» **Provided data**:
⁂

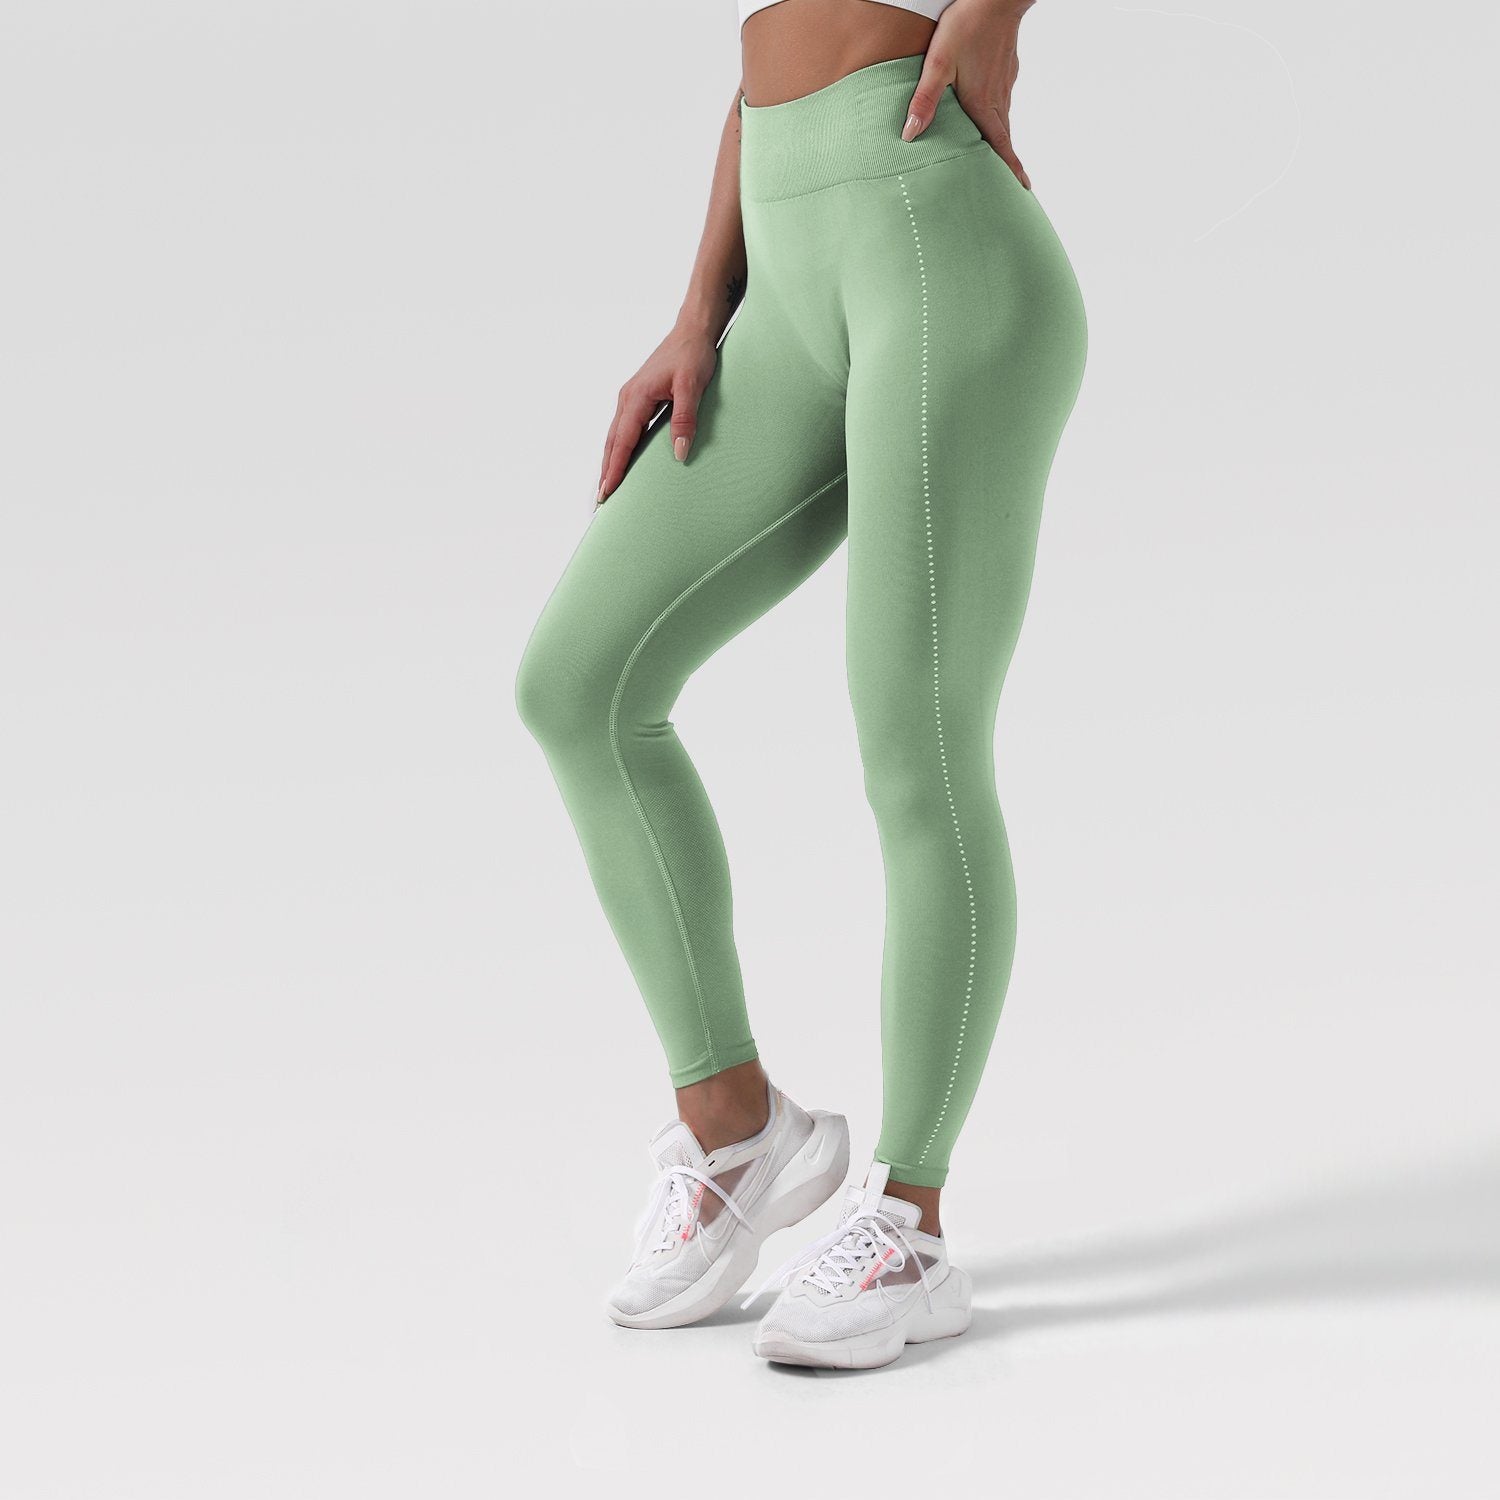 Smooth Yoga Leggings Yoga Pants Truetights Light green S 
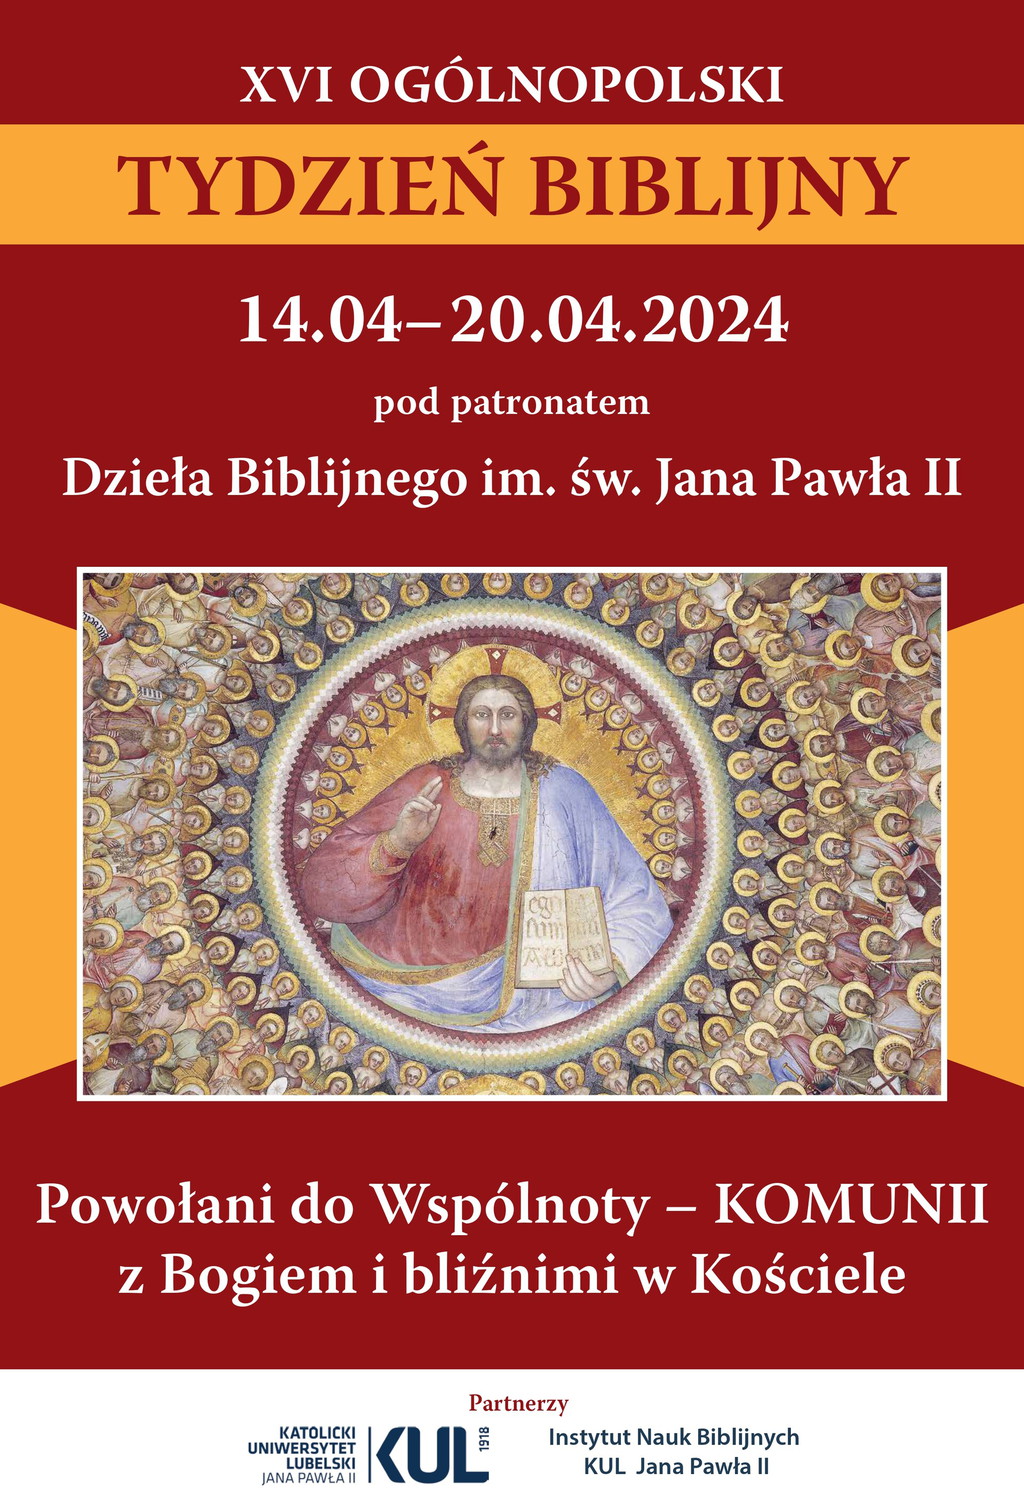 Read more about the article XVI Ogólnopolski Tydzień Biblijny
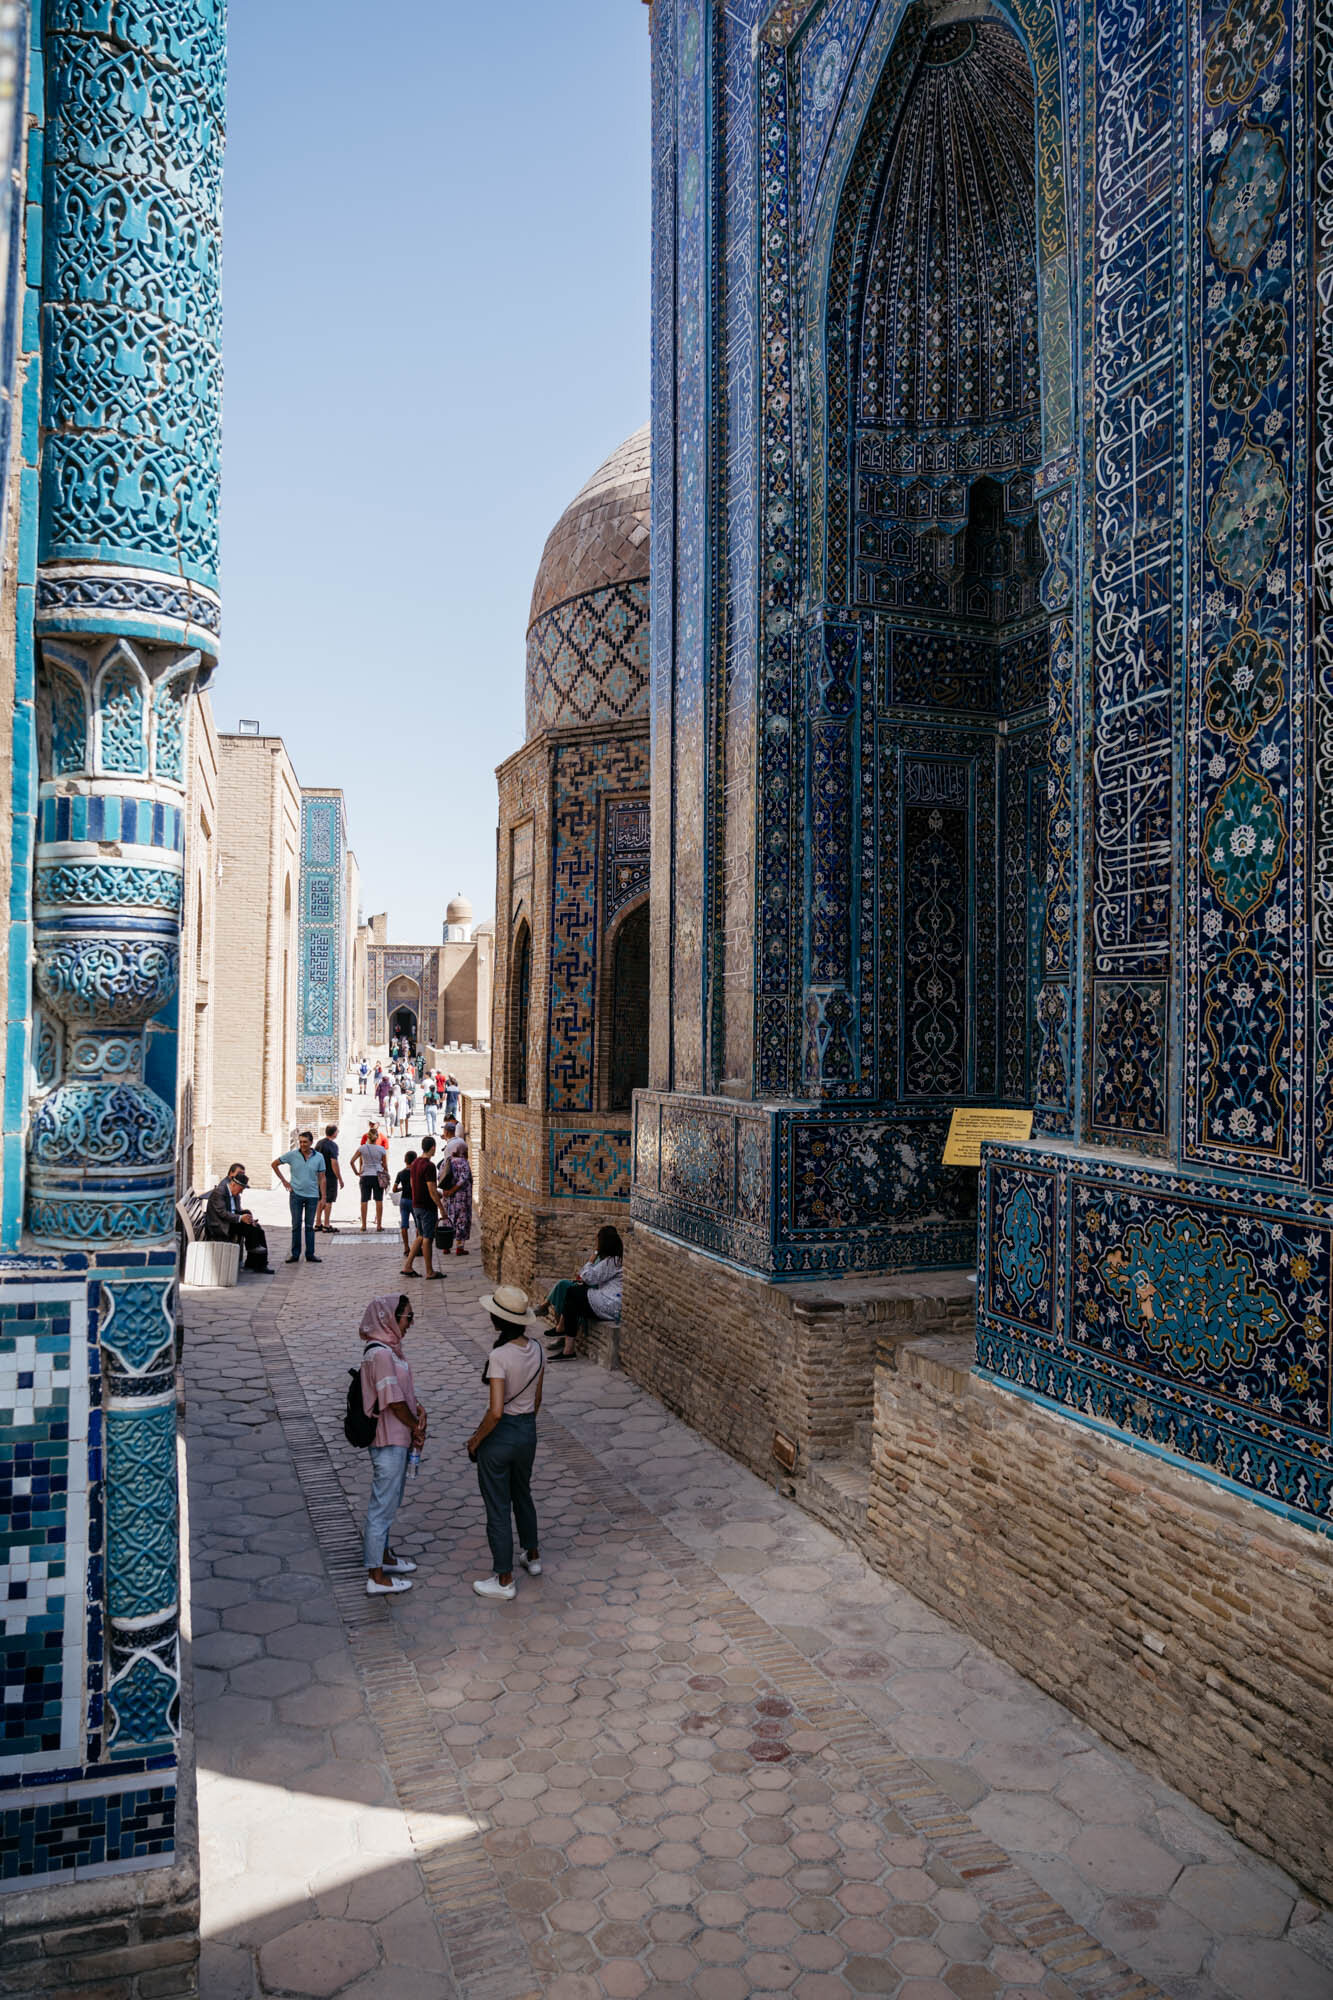  The Shah-i-Zinda tomb complex, Samarkand

⁂

» **What to do**: Once more, please print all the lines above exactly, without their pictures.

» **Exercise result**:
 Smooth Yoga Leggings Yoga Pants Truetights Light green S 
 Read more about the article XVI Ogólnopolski Tydzień Biblijny
  The Shah-i-Zinda tomb complex, Samarkand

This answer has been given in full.